What's It Like To Be  Enlightened?

Partial Vs. Full
Oneness

All Is One

 

You’ve likely heard the pithy expression, “All is one.” At this juncture, you are probably in a better position to understand what it might mean than you may have been previously. When uttered in the contexts of partial and full enlightenment, this statement refers to two fundamentally different things. In the context of partial enlightenment, “All is one” refers to a deeper spiritual dimension beneath the world’s surface. On that deeper level, all is one. At the same time, all is not one on the world’s surface; it is still many.

 

On the other hand, when uttered in the context of full enlightenment, the same assertion—“All is one”—literally means all is one. Everything in experience is one. There is nothing outside of oneness and nothing but oneness.

 

In full enlightenment, since all that you experience is already one, a deeper spiritual realm residing beneath the world’s surface isn’t required to find oneness.

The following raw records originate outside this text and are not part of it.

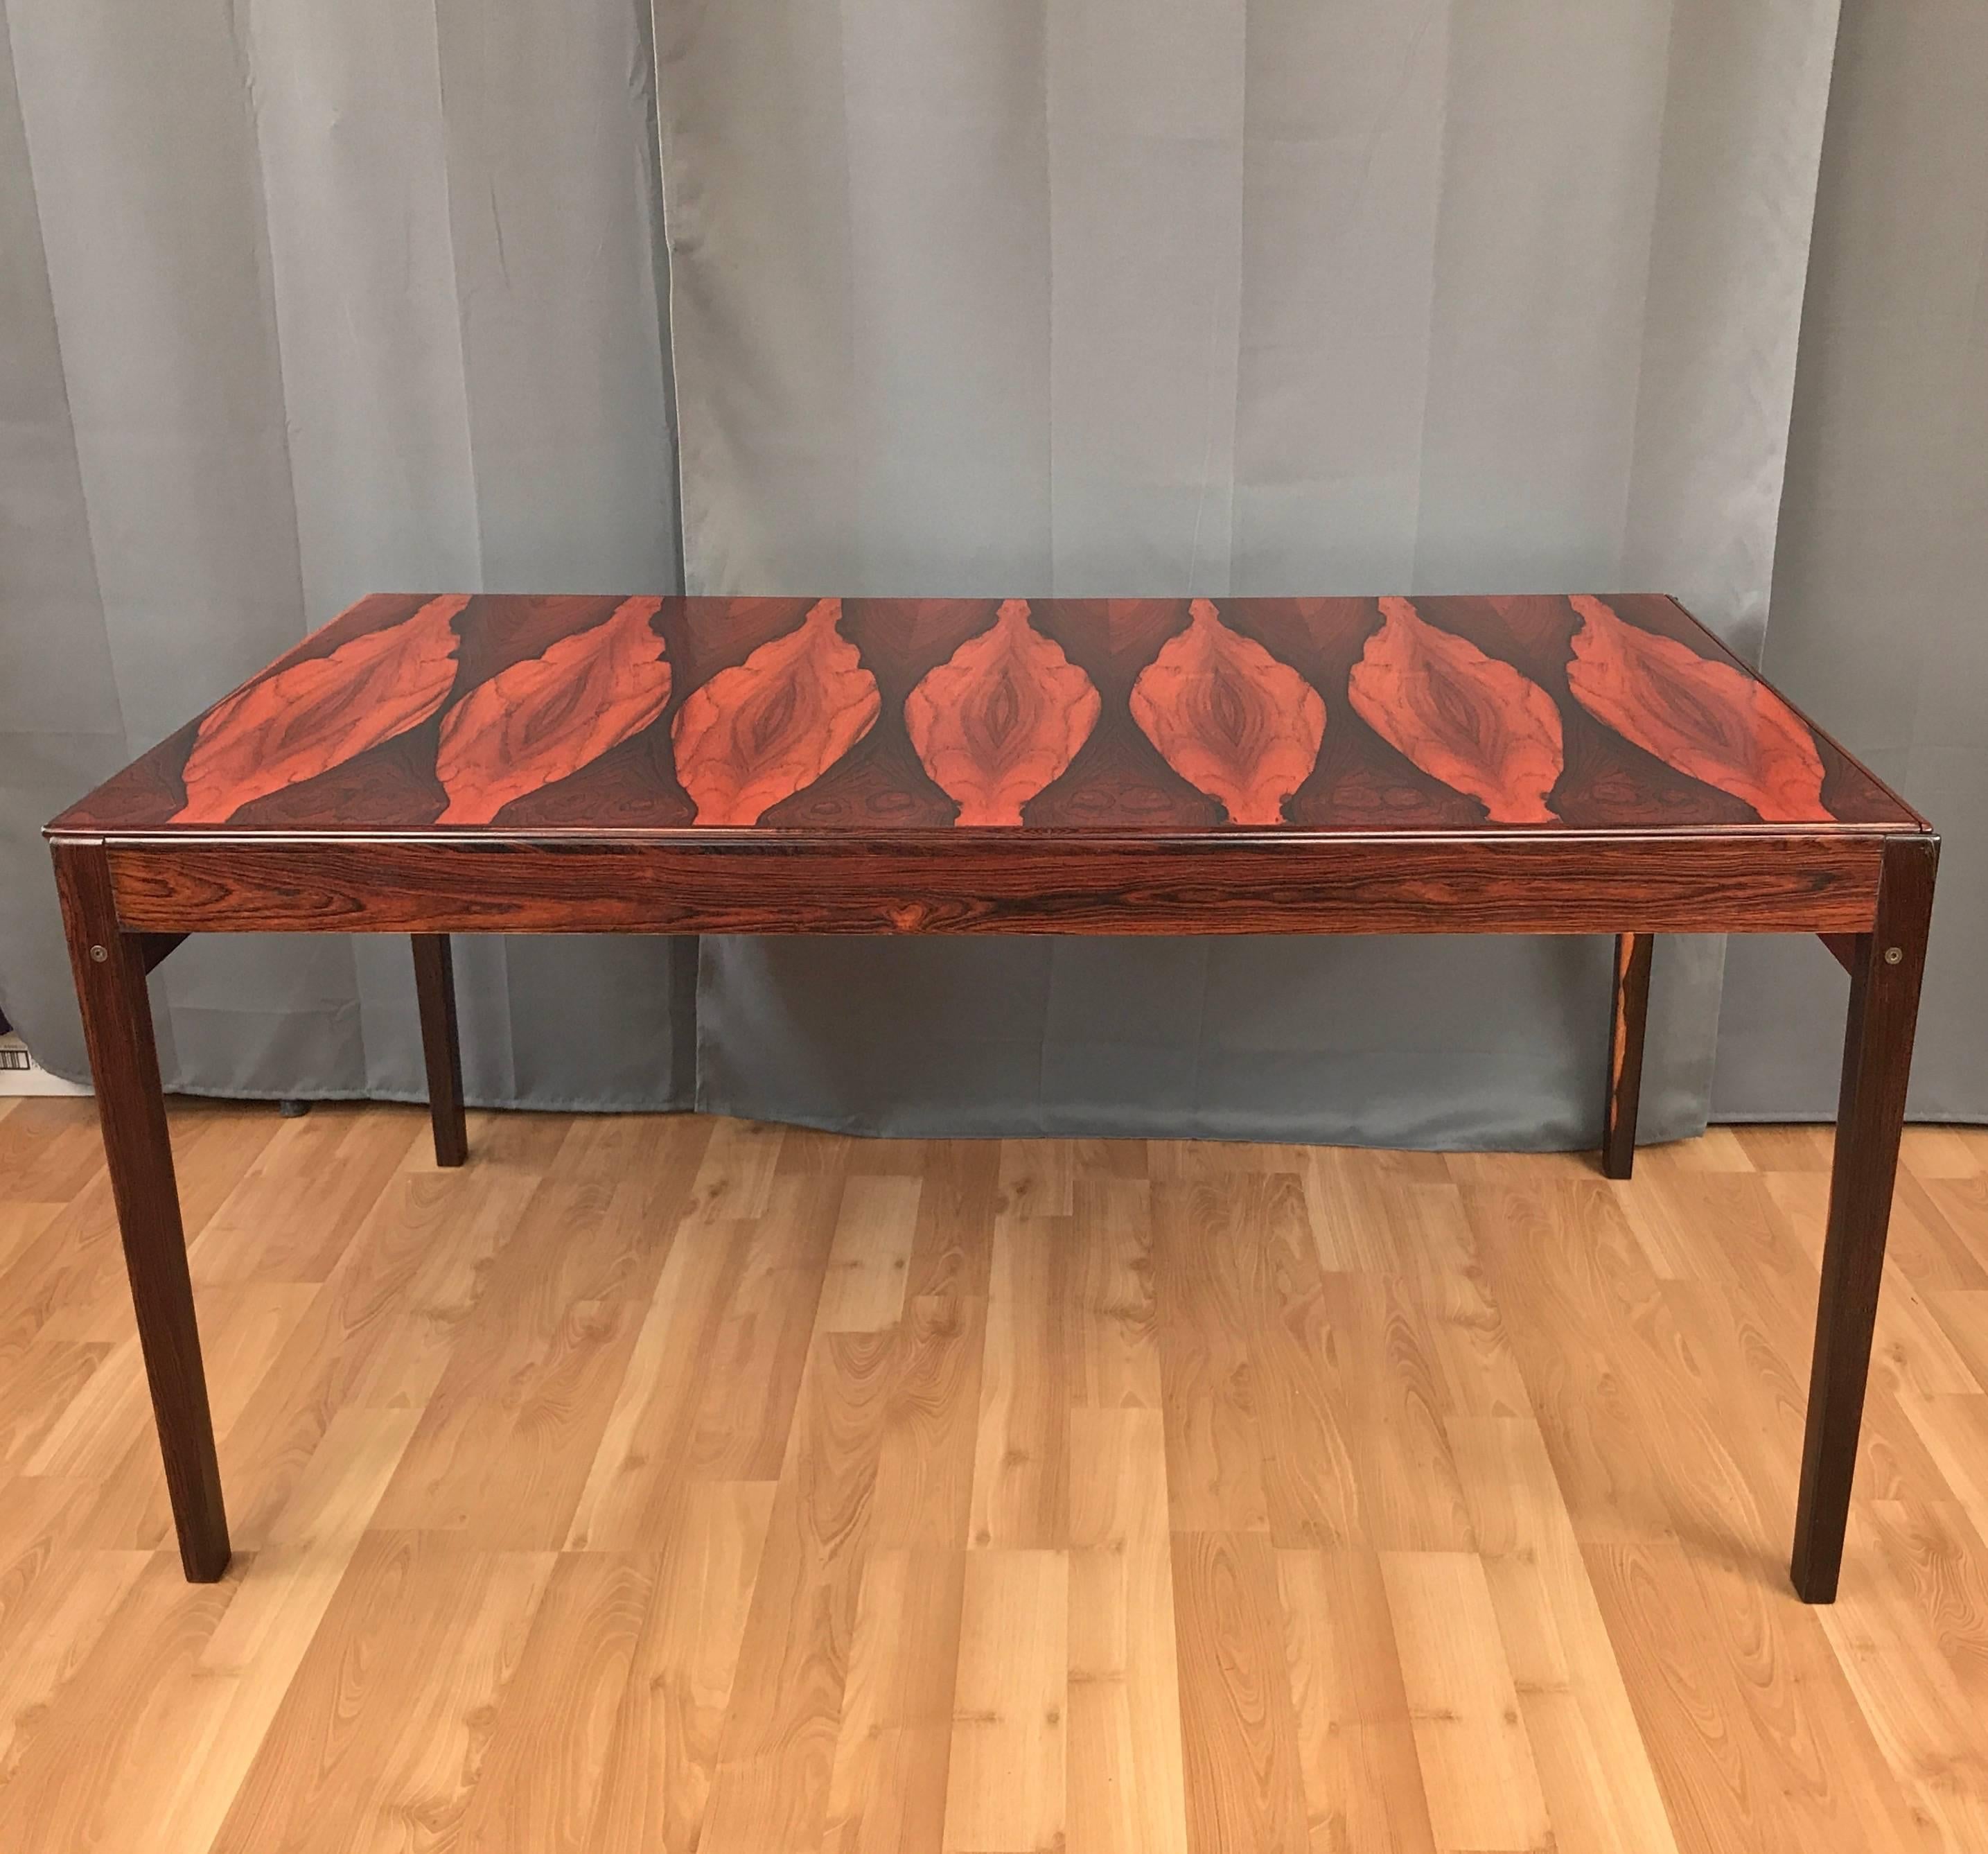 An absolutely dazzling early 1970s Danish expandable rosewood dining table with hidden cartridge leaf. Crotch cut bookmatched veneer top and solid frame display unreal grain, made all the more so by a burnt orange applied tint. Brazilian rosewood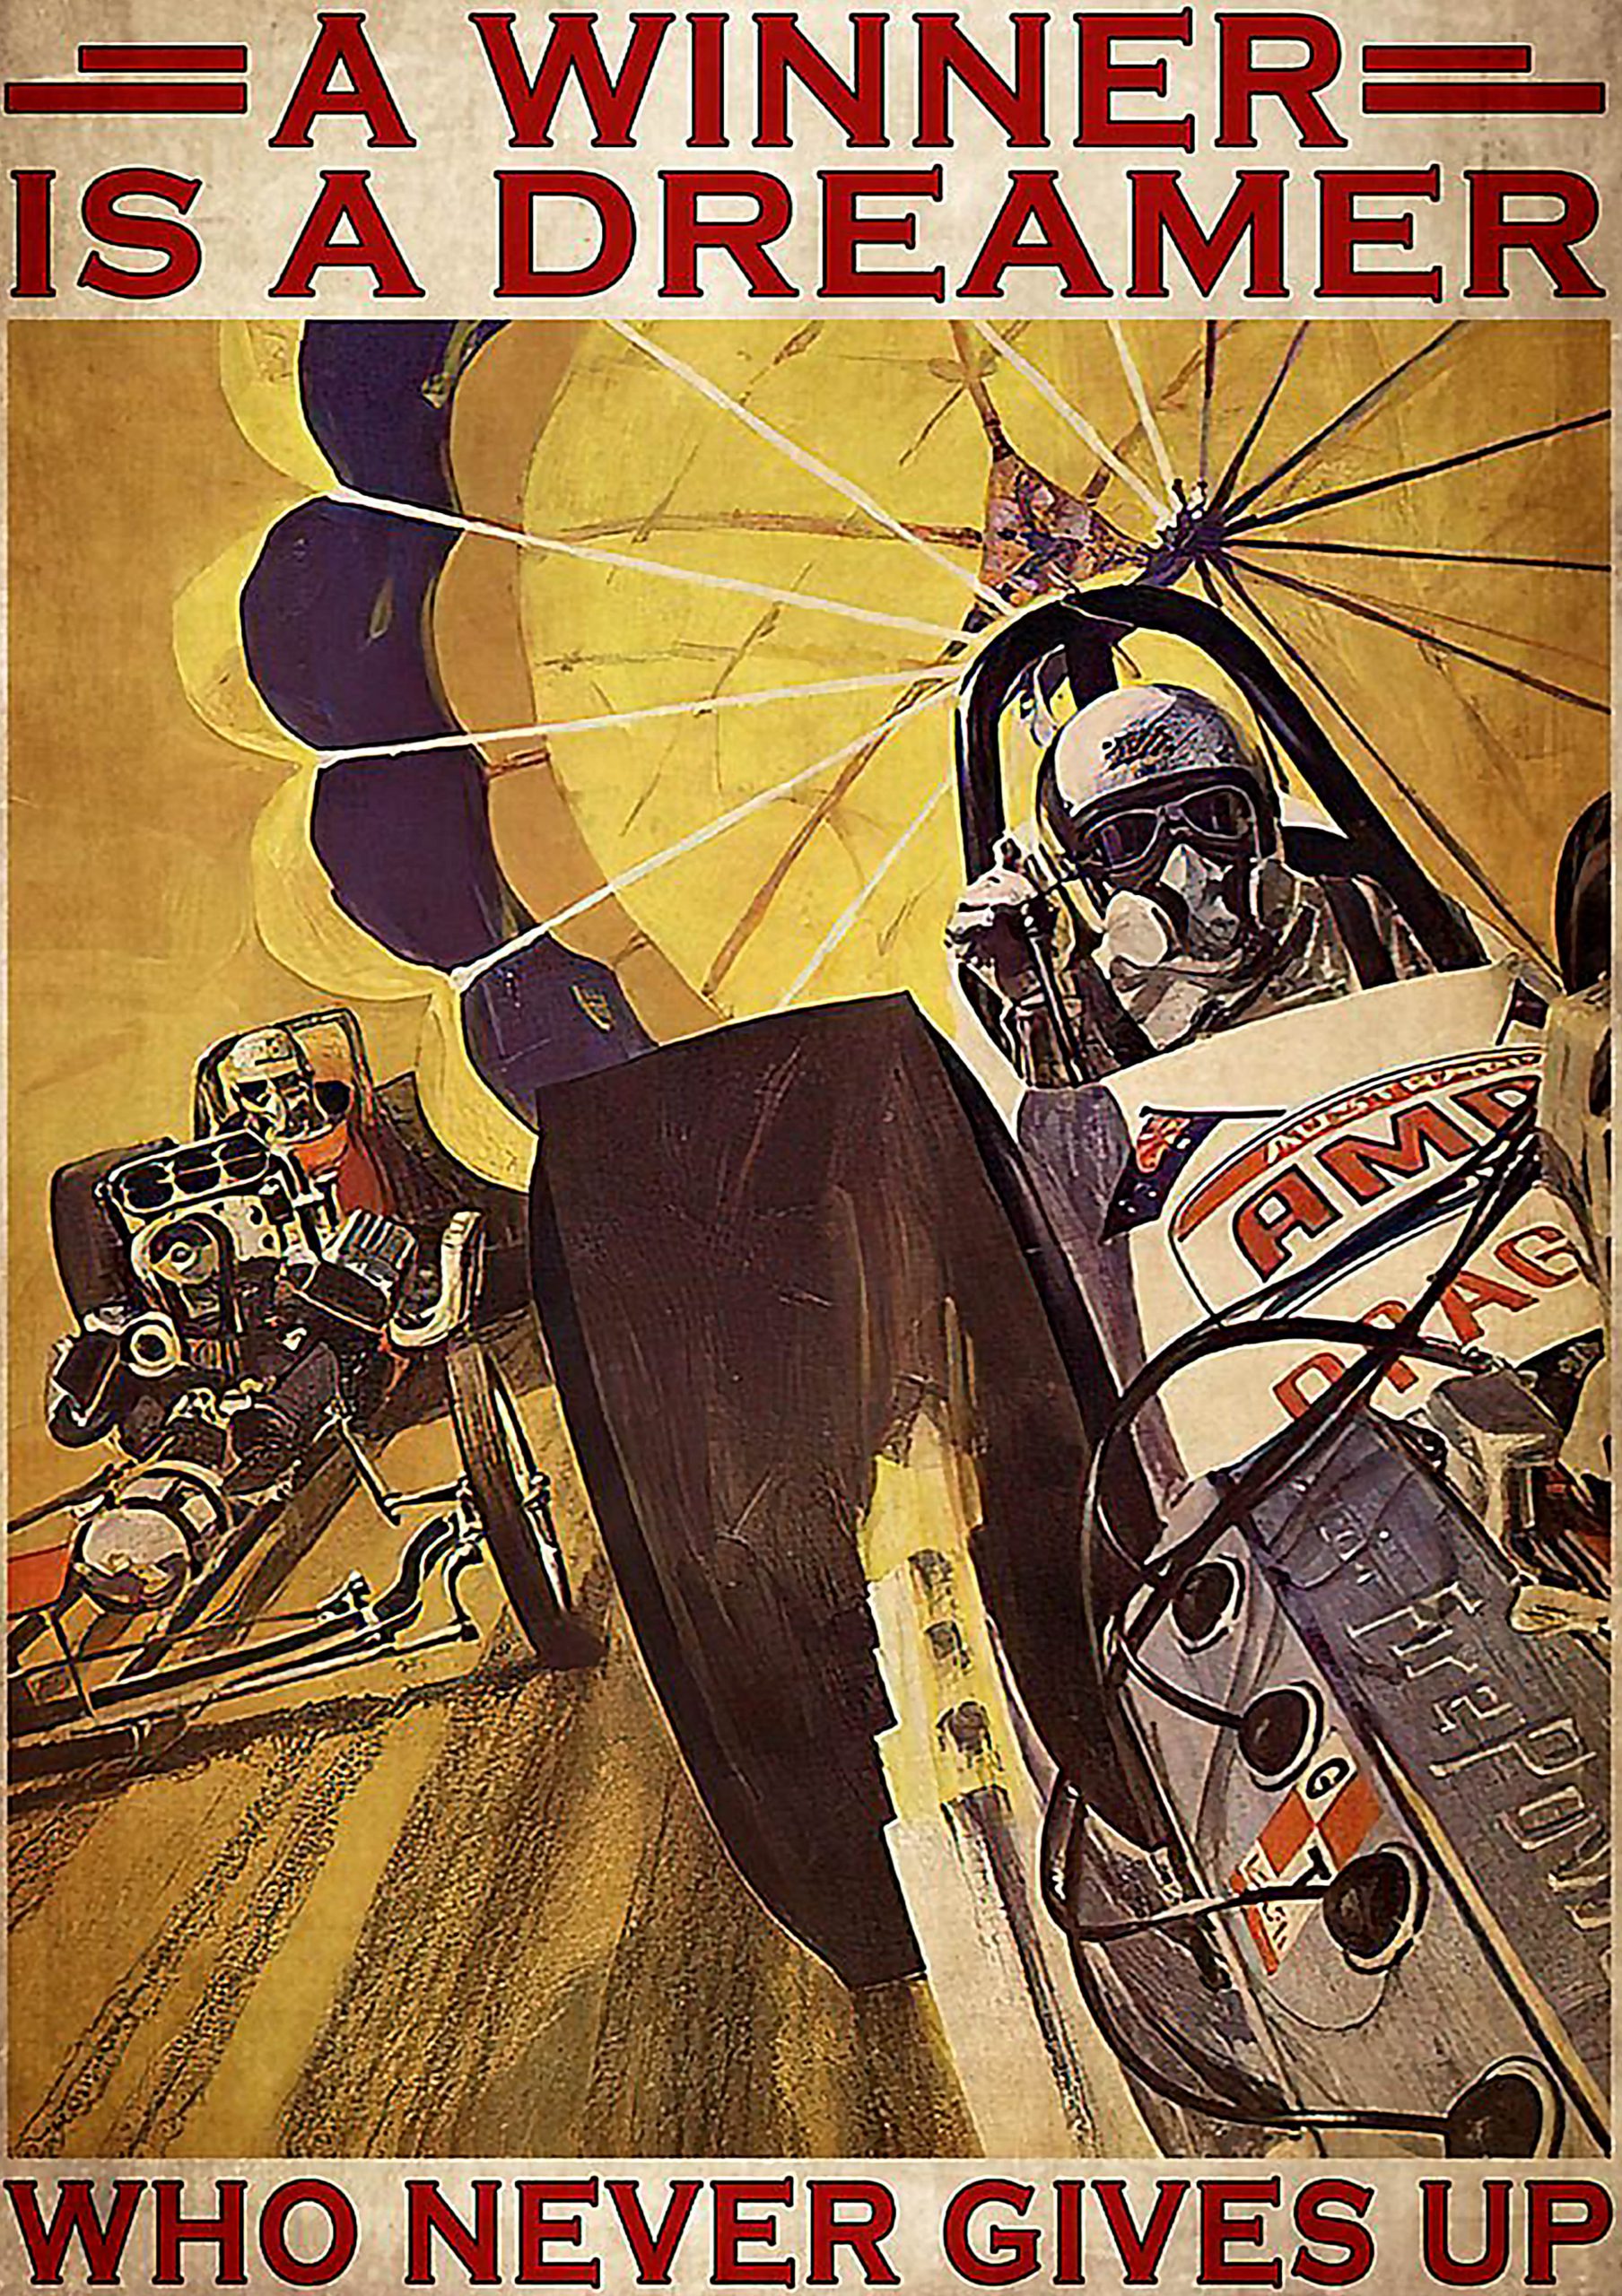 vintage drag racer a winner is a dreamer who never gives up poster 1 - Copy (3)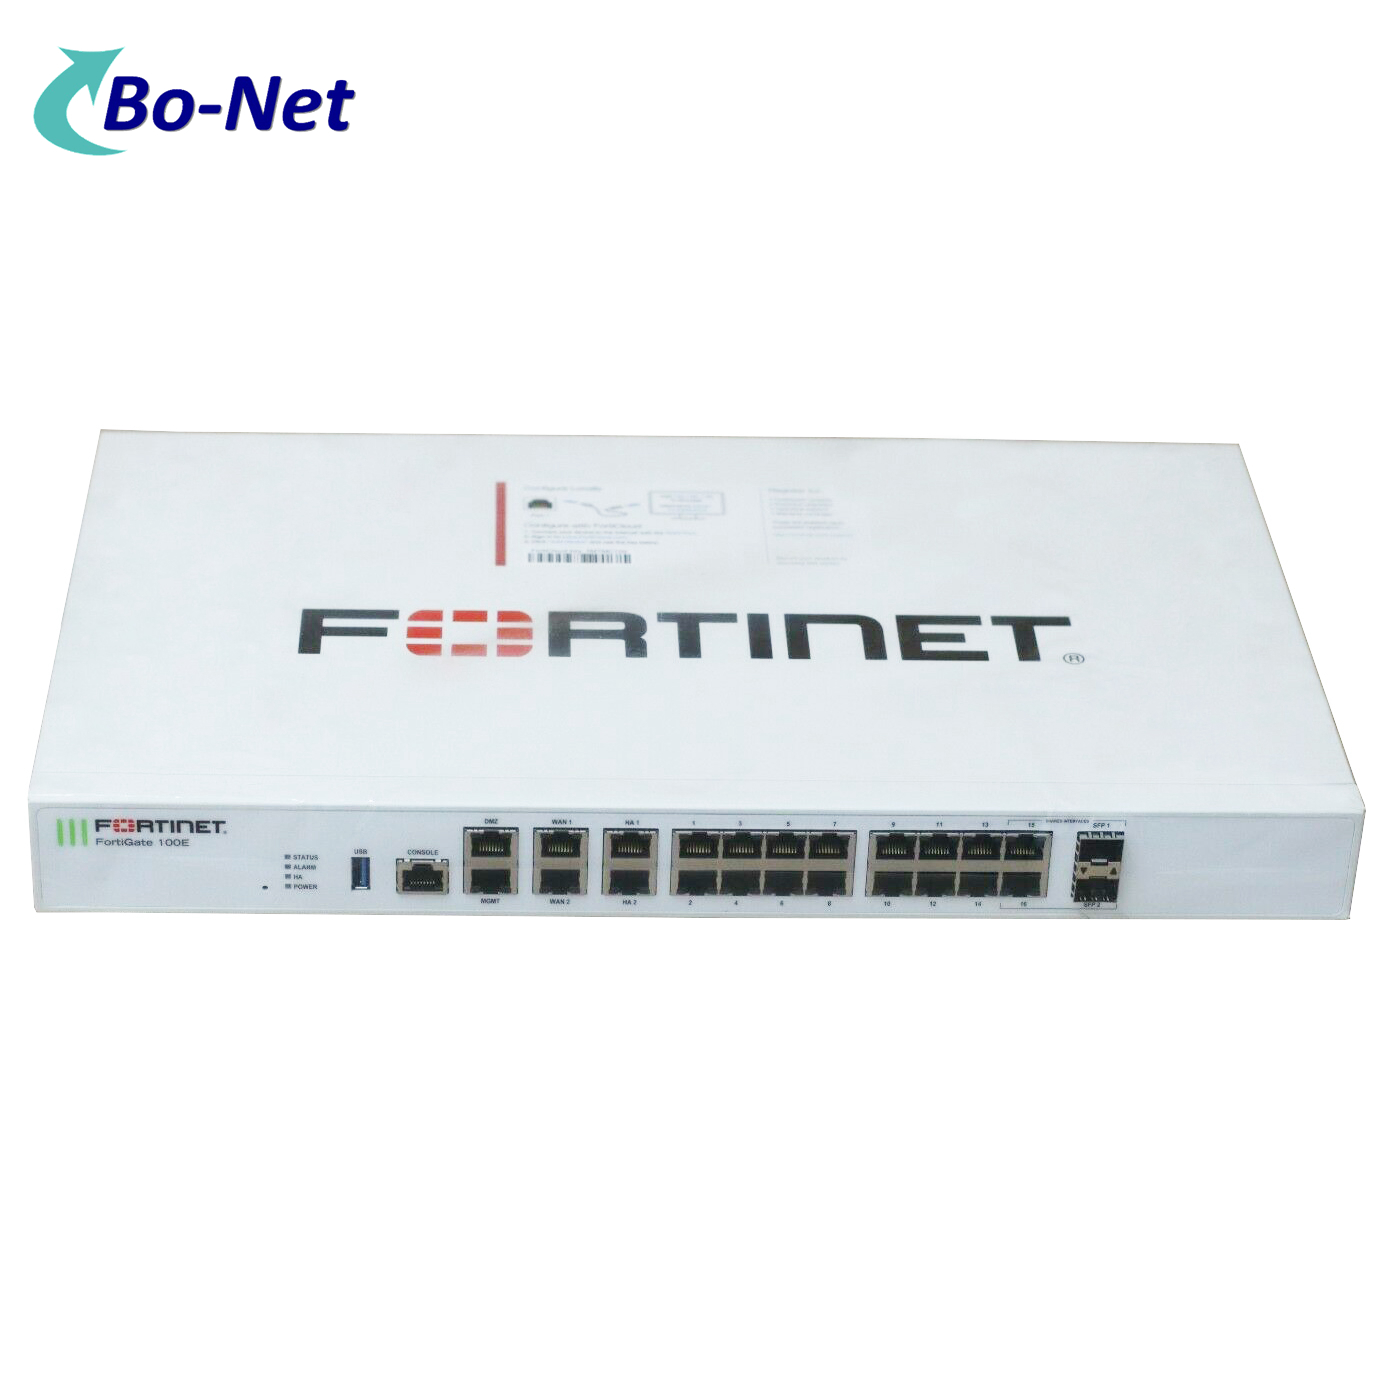 New Fortinet FG-100E FortiGate 100E 20 x GE RJ45 Ports Network Firewall  Security-Fortinet-Cisco network switch,Cisco Router, NEW used Cisco  comparison

Everywhere you look, you already see oneness. In everything you touch, everything you hear, everything you think, and everything you feel, you already encounter oneness.

 

So, in the case of full oneness, “all” literally means all—all of experience is one thing and therefore “one.” However, with partial oneness, “all” doesn’t literally mean all. Instead, it applies just to an underlying level of existence; only on that level is all “one.”

 

In short, the same statement—“All is one”—can have two fundamentally different meanings. Depending on the context, it could express the experience of either partial or full oneness.